What to work on: Give the data again exactly as written, without any of its pictures.

Data:
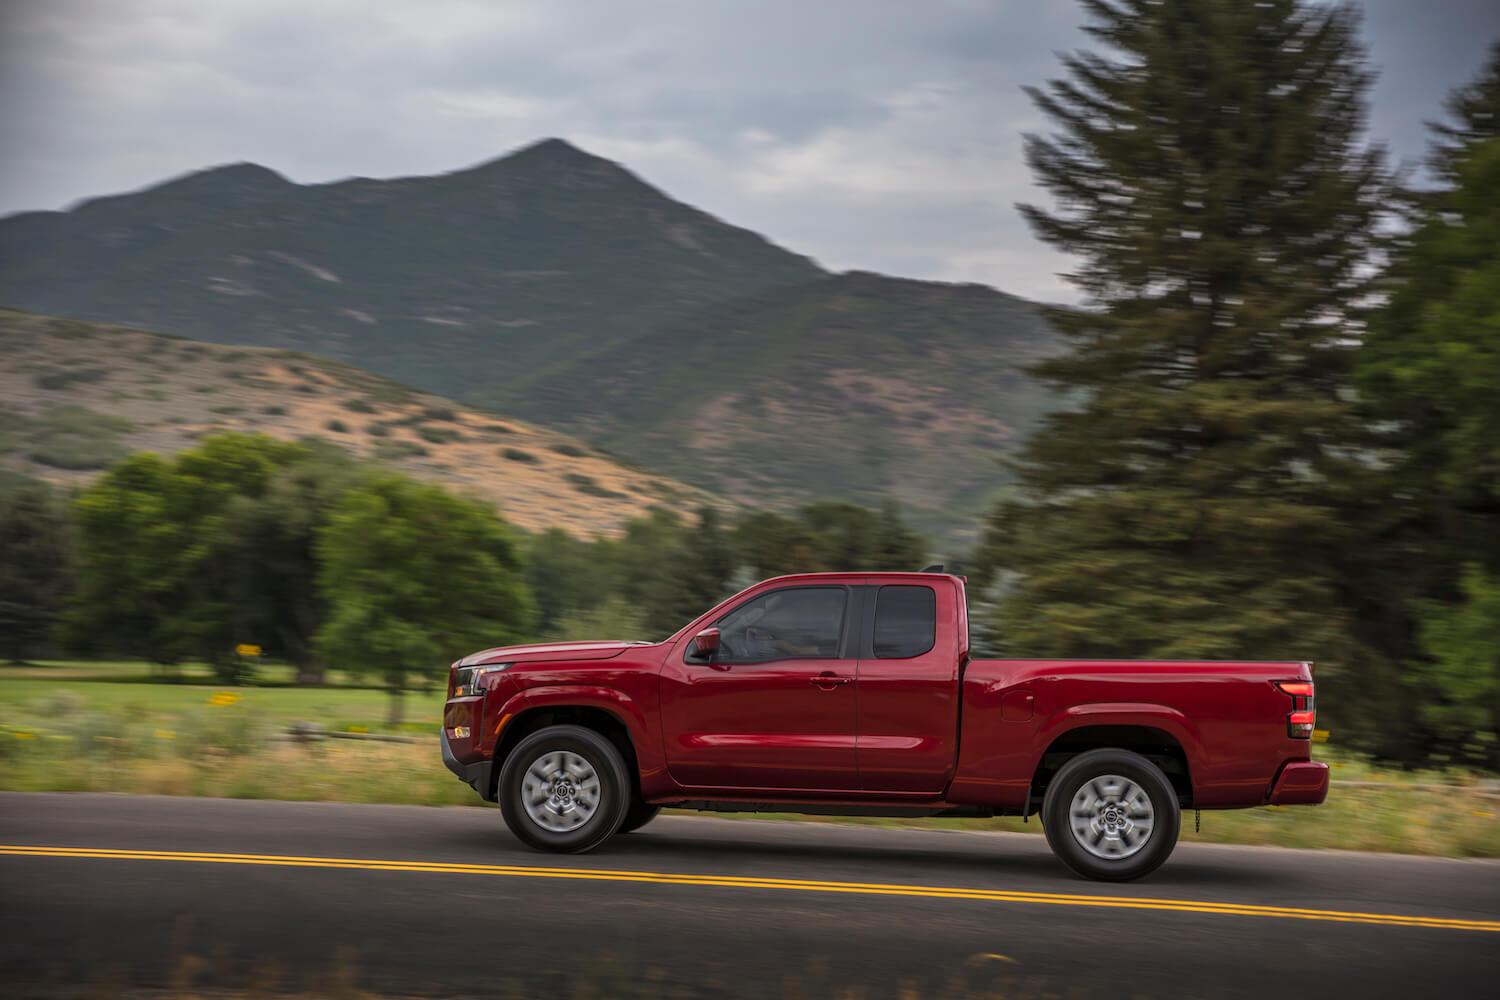 Side view of a red Nissan Titan mid-size pickup truck driving in front of a mountain range.
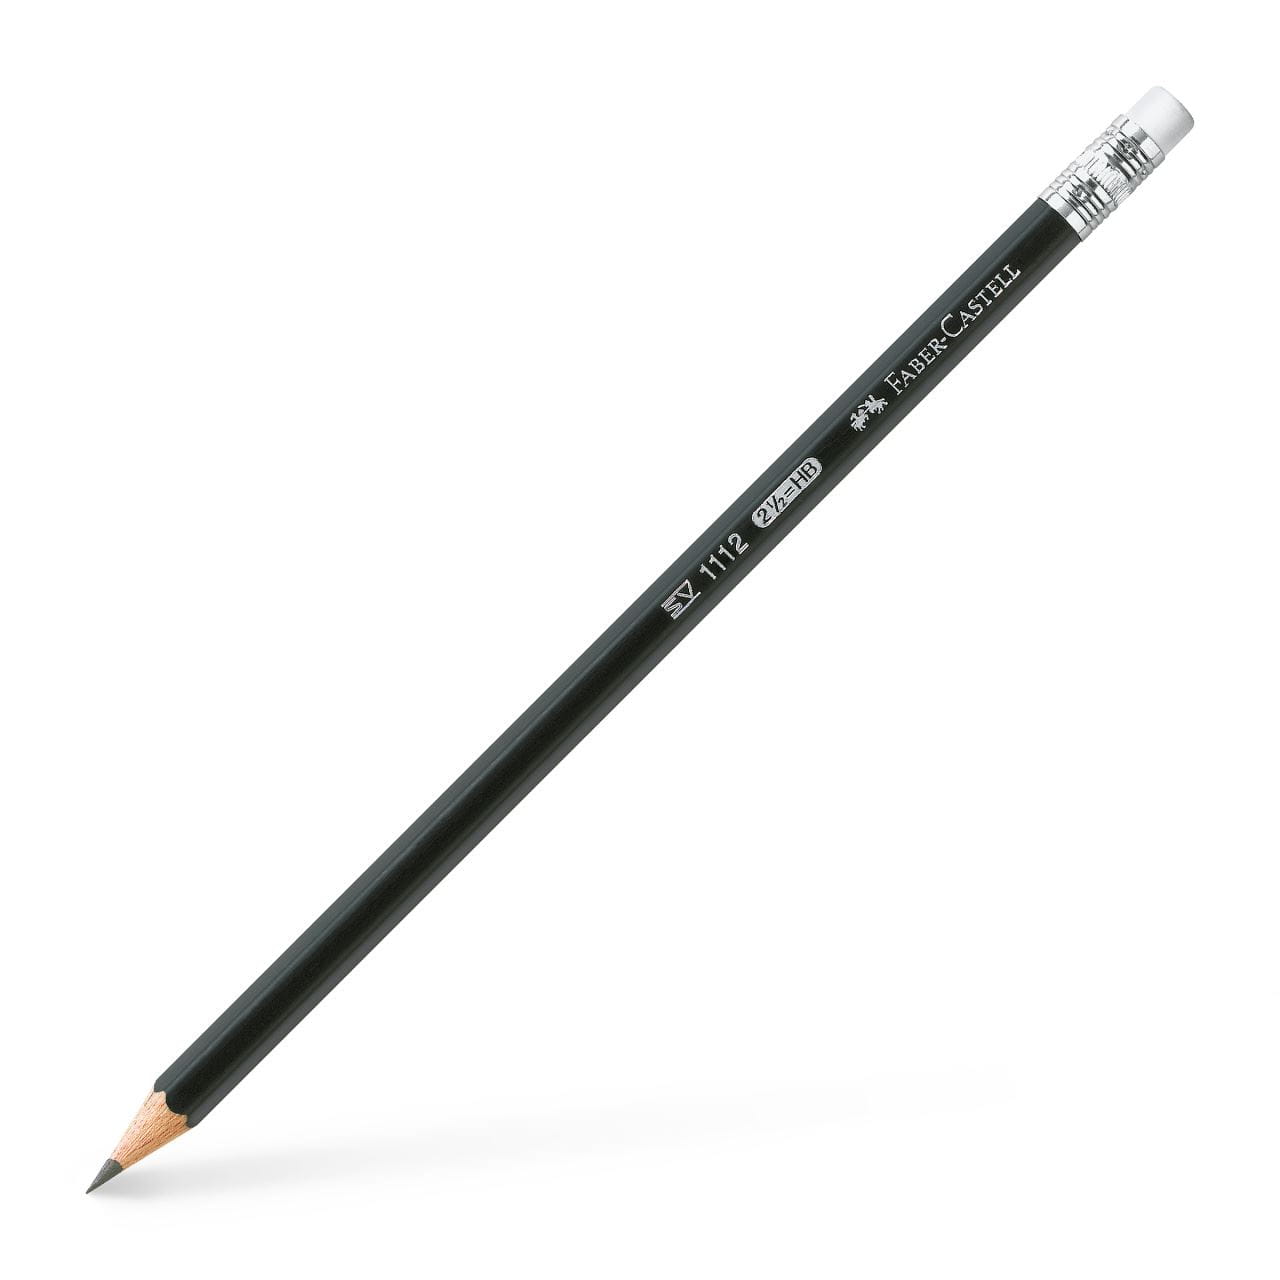 Faber-Castell - 1112 graphite pencil with eraser, HB
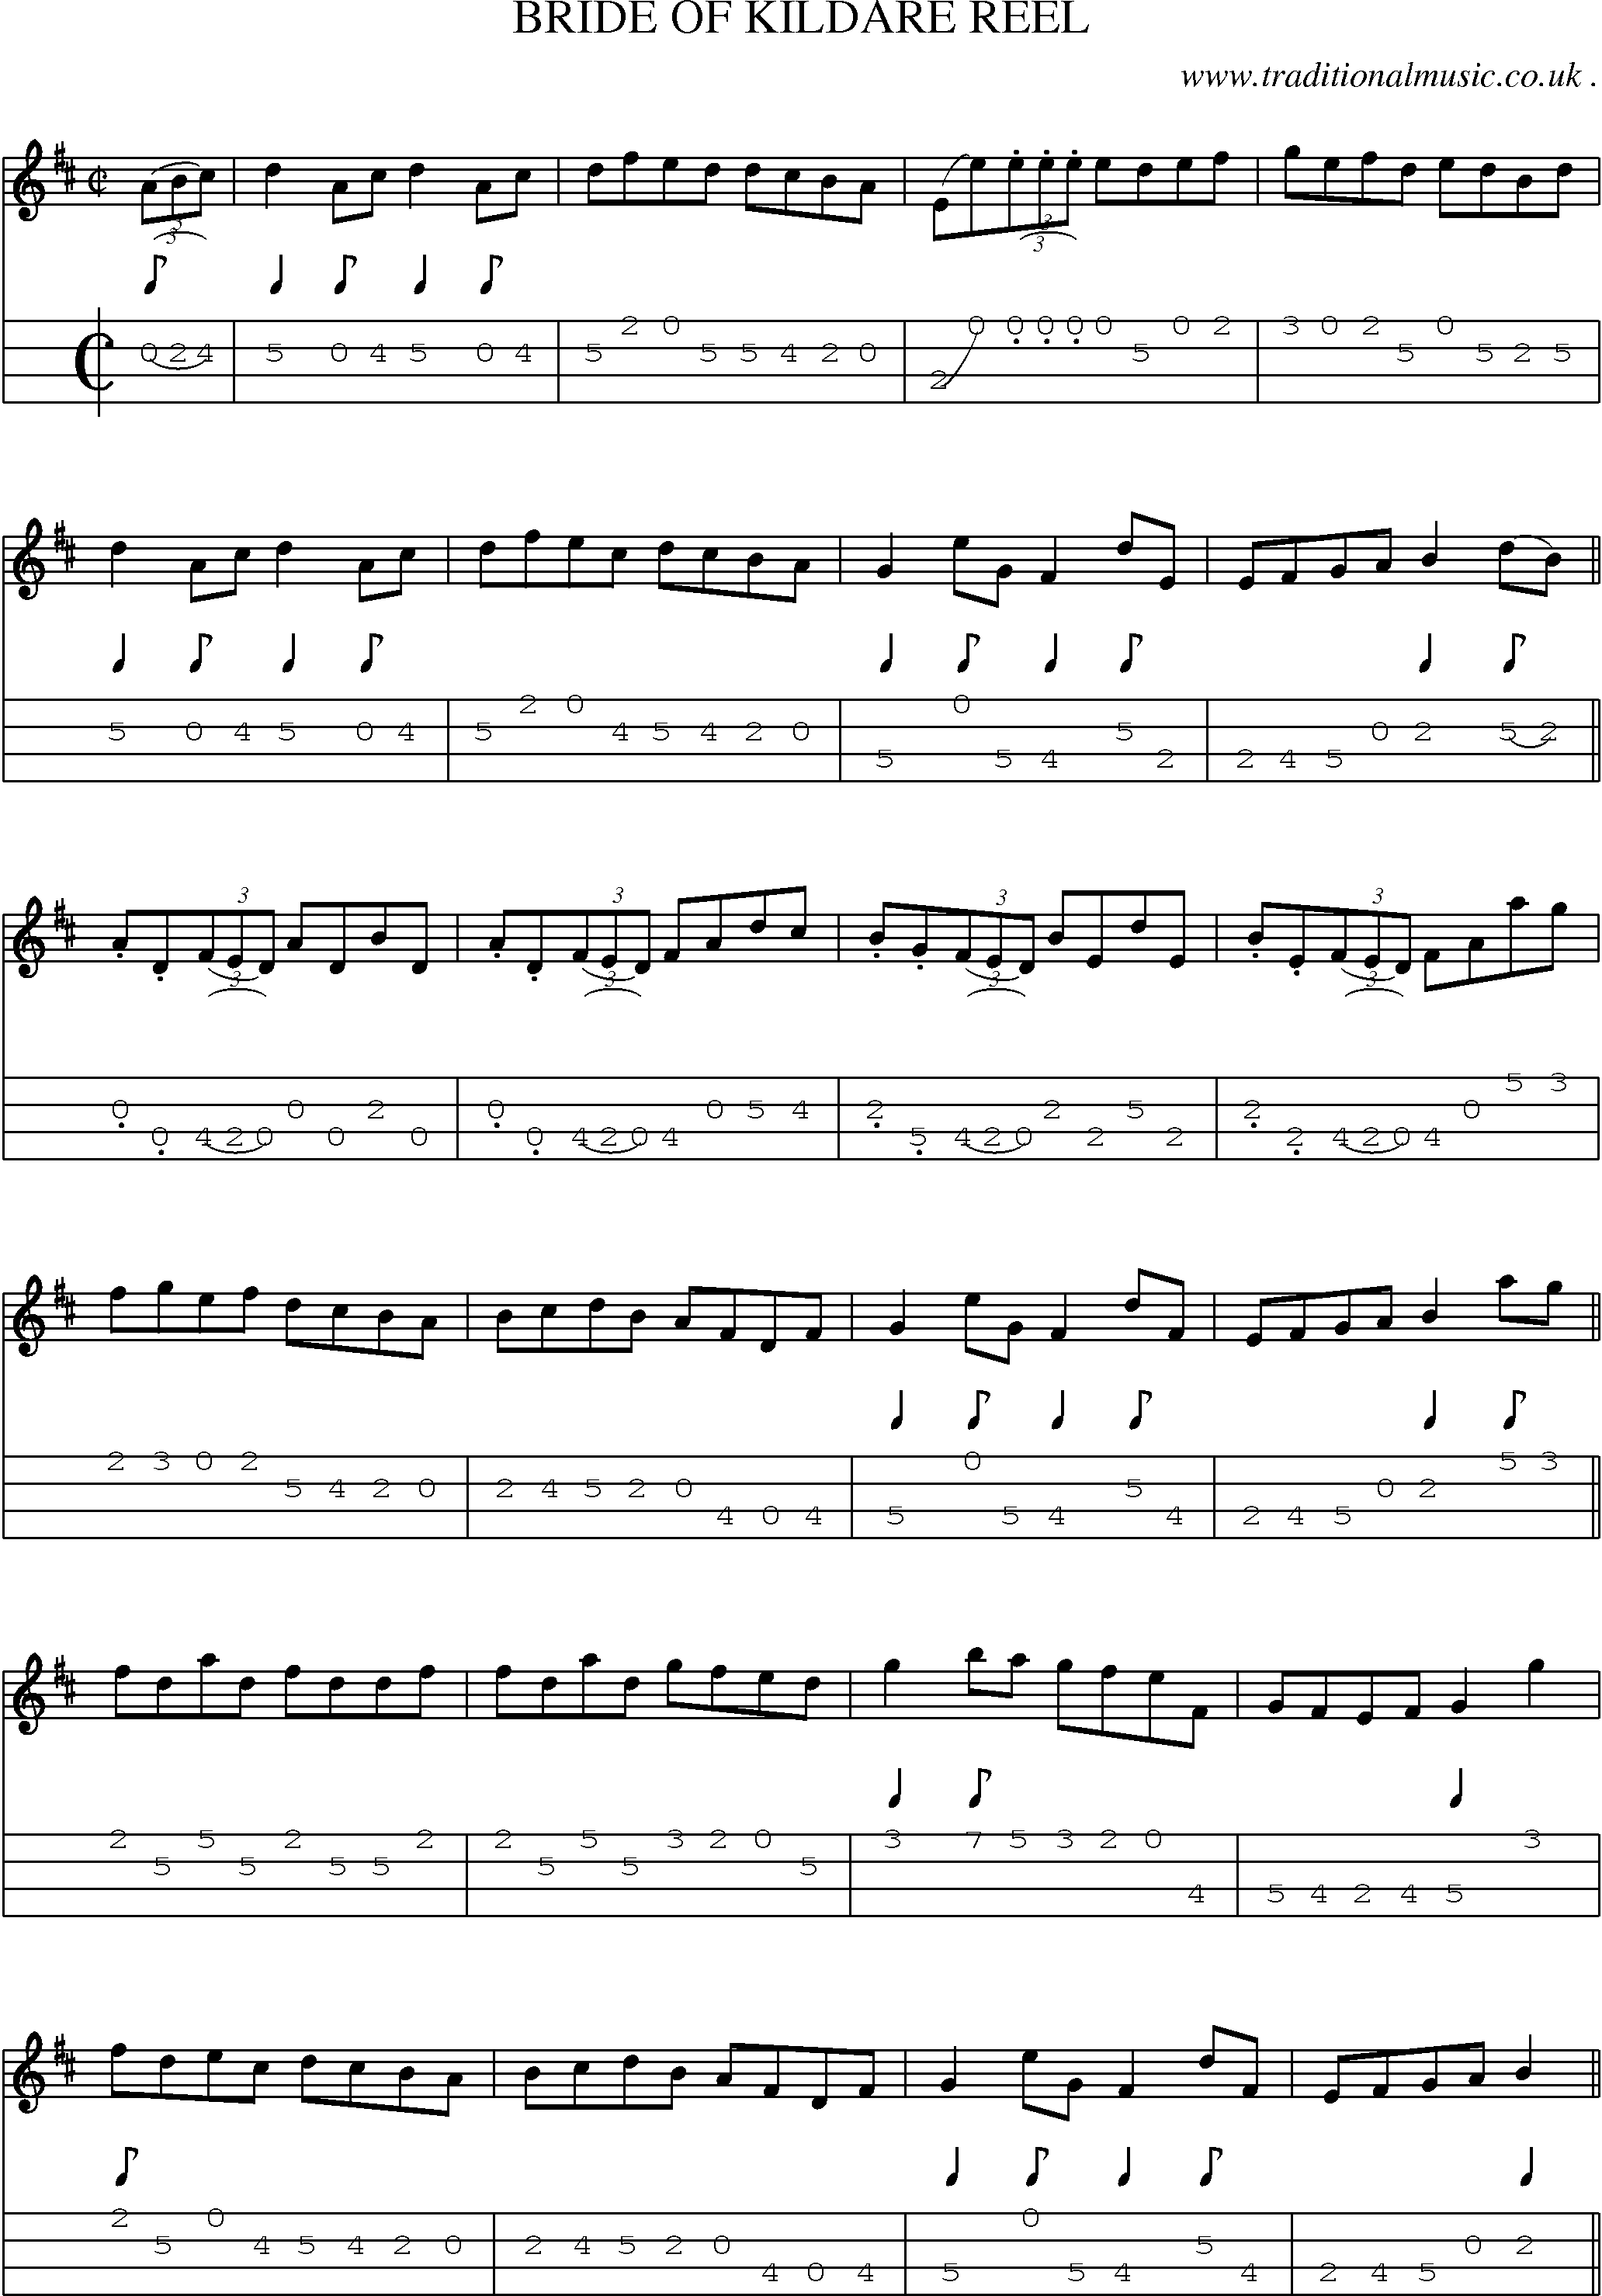 Sheet-Music and Mandolin Tabs for Bride Of Kildare Reel
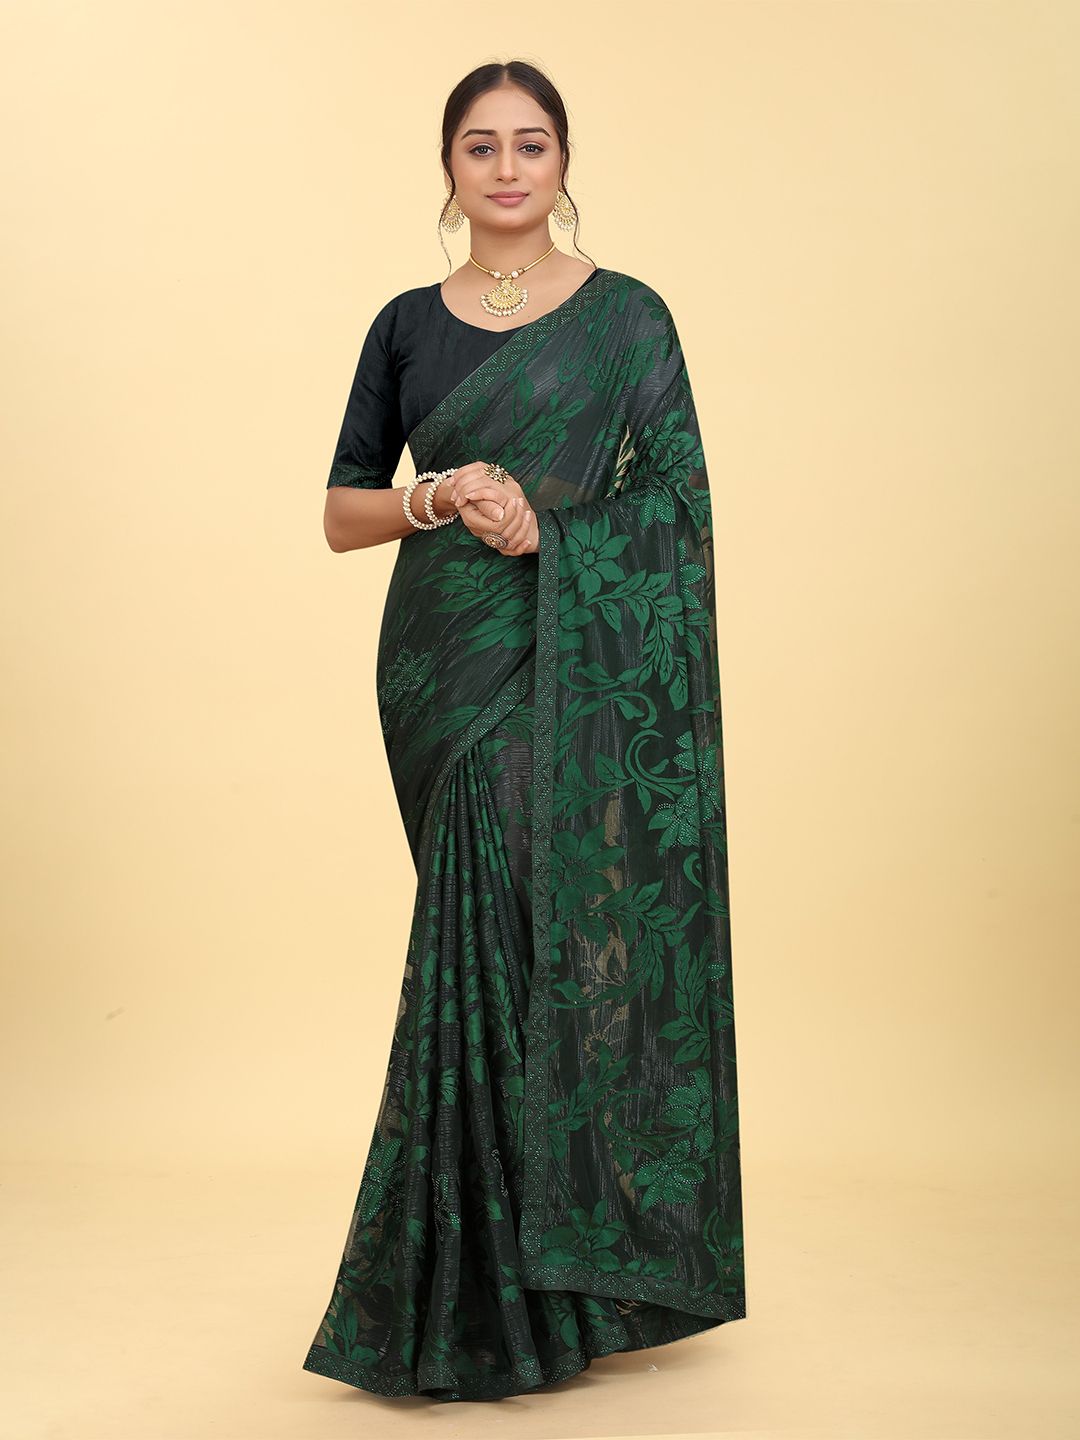 BAESD Floral Embellished Satin Saree Price in India

Output below:
 Side view of a red Nissan Titan mid-size pickup truck driving in front of a mountain range.
 Faber-Castell - 1112 graphite pencil with eraser, HB
 Sheet-Music and Mandolin Tabs for Bride Of Kildare Reel
 BAESD Floral Embellished Satin Saree Price in India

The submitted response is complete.